Сказать, что мне было плохо – значит не сказать ничего, от слова совсем. Я лежала на полу, диване, кровати, балконе, потом легла на кухне, смотрела в потолок. Первое, что я хотела сделать – это позвонить ему и высказать все, что я думаю по этому поводу, наорать, обозвать… Потом начала собирать вещи. Медленно, но верно, складывая неаккуратно все в свой захудалый чемодан. Я рыдала от всей души и горю моему не было предела. Казалось, что даже соседская собака пыталась мне подвывать, чтобы мне не было так одиноко и пусто. Собрав половину, я уснула. Я вырубилась, как будто не спала двое суток после жесткой гулянки.

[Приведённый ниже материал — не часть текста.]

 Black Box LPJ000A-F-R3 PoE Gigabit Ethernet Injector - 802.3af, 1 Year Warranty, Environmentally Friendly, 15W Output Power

Не помню, что мне снилось, явно какая-то чушь и чертовщина. Посмотрев на себя в зеркало утром, я увидела заплывшее от слез лицо, красные глаза и адовый хаос на голове. Внутри пусто, будто я вчера поделилась органами с теми, кому нужна донорская пересадка. В голове туман, снег, дождь и гуляющий ветер со скоростью двадцать пять метров в секунду. А он все не звонил. И от этого ветер становился еще сильнее, а дождь превращался в водяную стену, когда ты не видишь собственной вытянутой руки, руки, просящей о помощи. Я встала на холодную плитку, опустилась на колени и орала так, что соседи начали стучать в стену. Этот стук был таким глухим, что я едва его улавливала. По сравнению с теми звуками непогоды в моей голове, они казались никчемными и бесполезными, неспособными остановить мои душевные страдания.

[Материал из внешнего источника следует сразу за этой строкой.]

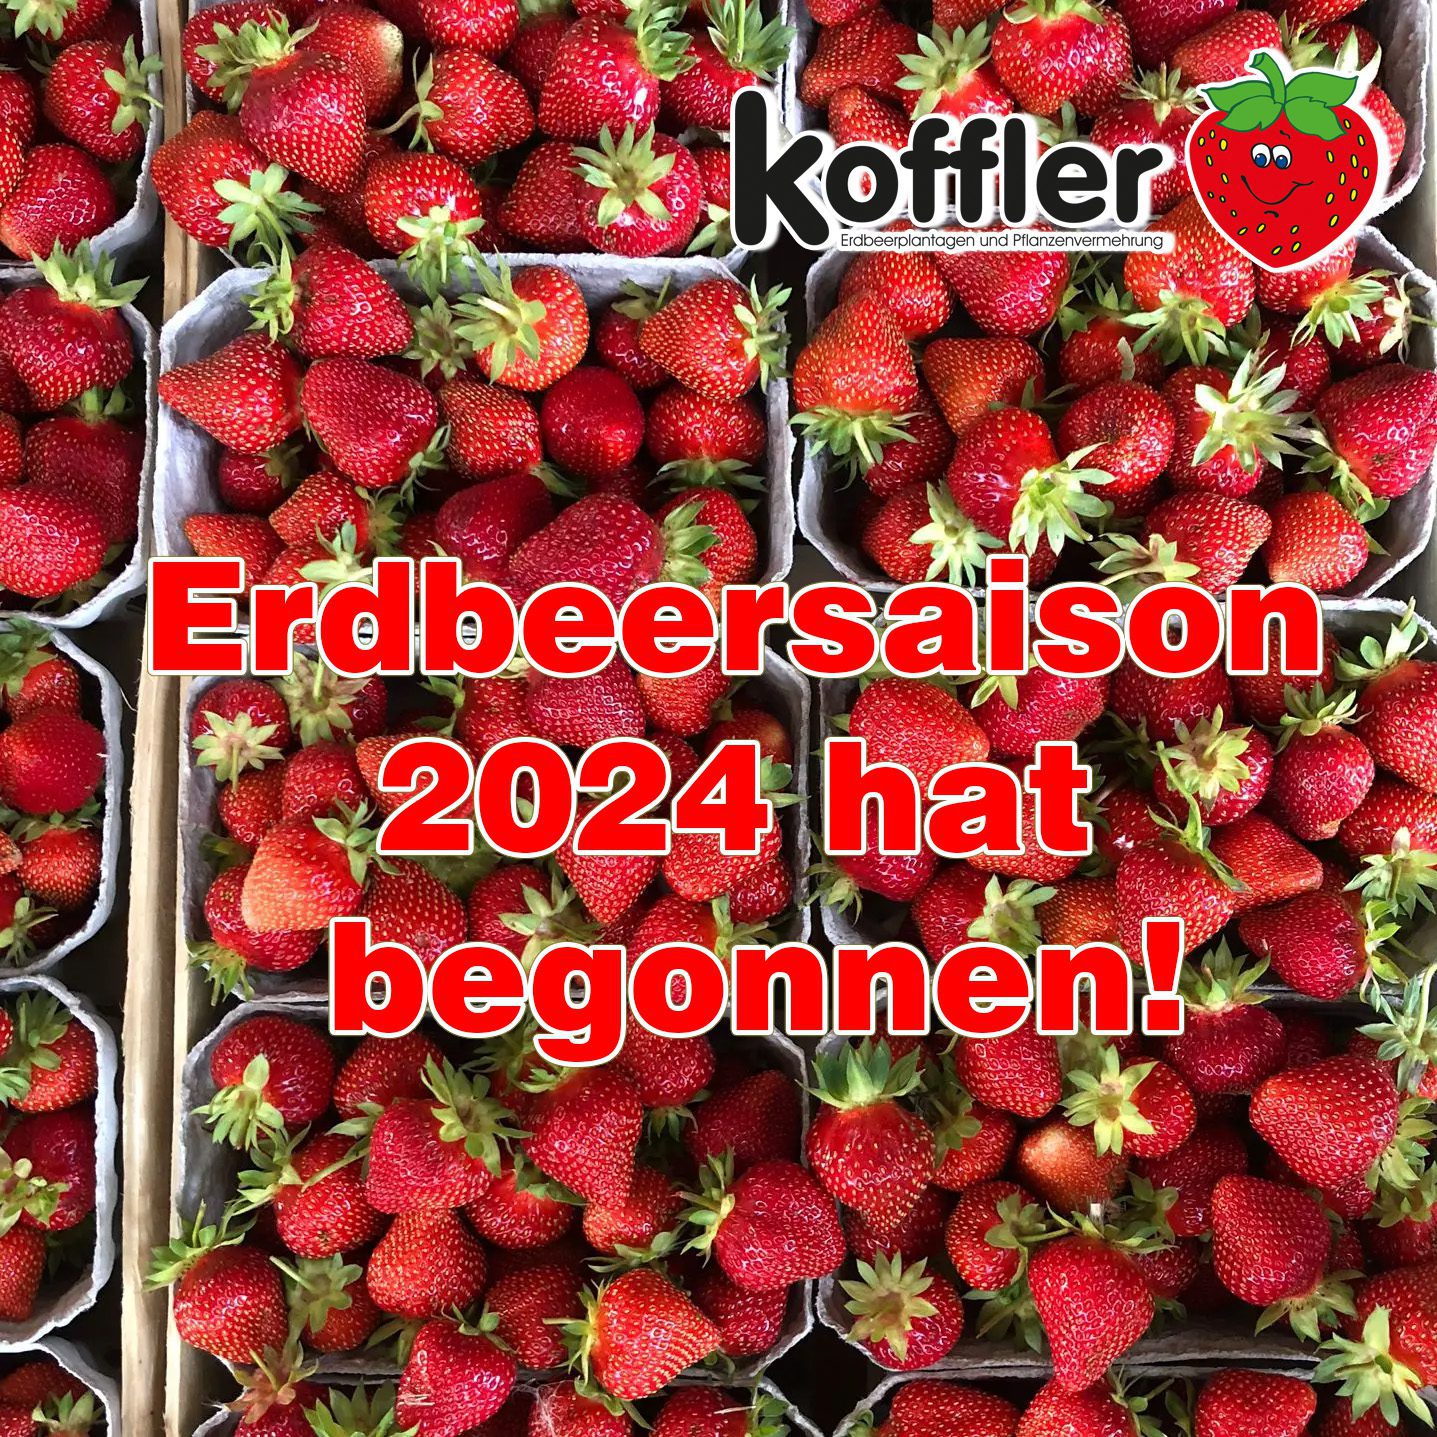 Willkommen zur Erdbeersaison 2024 bei Koffler Erdbeeren!

Женщинам, которым приходилось узнавать об измене, прекрасно знакомо подобное состояние. Кто-то выходит из себя и в попытках гнева крушит всю квартиру. Именно так и сделала когда-то Катя – разнесла всю комнату к чертям собачьим. Мне казалось, что у меня нет столько сил, чтобы совершить подобное. Я даже не знала, чего я хотела больше в тот момент – сдохнуть или еще немного пожить, чтобы убить его.

Странное чувство, неспособное для восприятия нормальному человеку, только любящим женщинам в момент предательства. Лживого и наглого. Отвратительно было представлять их, вместе лежащих на кровати. Больно до безумия, но боль не физического плана, когда ты ломаешь руку, а боль, разъедающая тебя изнутри, сжигающая тебя, как серная кислота. Со мной такое было впервые, и я совершенно была не готова к таким поворотам судьбы, таким не щадящим урокам. Я долго смотрела в окно, потом снова легла на кровать, щелкала каналы по порядку от бессилия и какого-то внутреннего надлома. Тогда я точно почувствовала, что во мне что-то сломалось, но что и именно и в каком механизме определить было невозможно. Я знала лишь, что это не подлежит ремонту, только ржавчине. И даже на нее требуется время.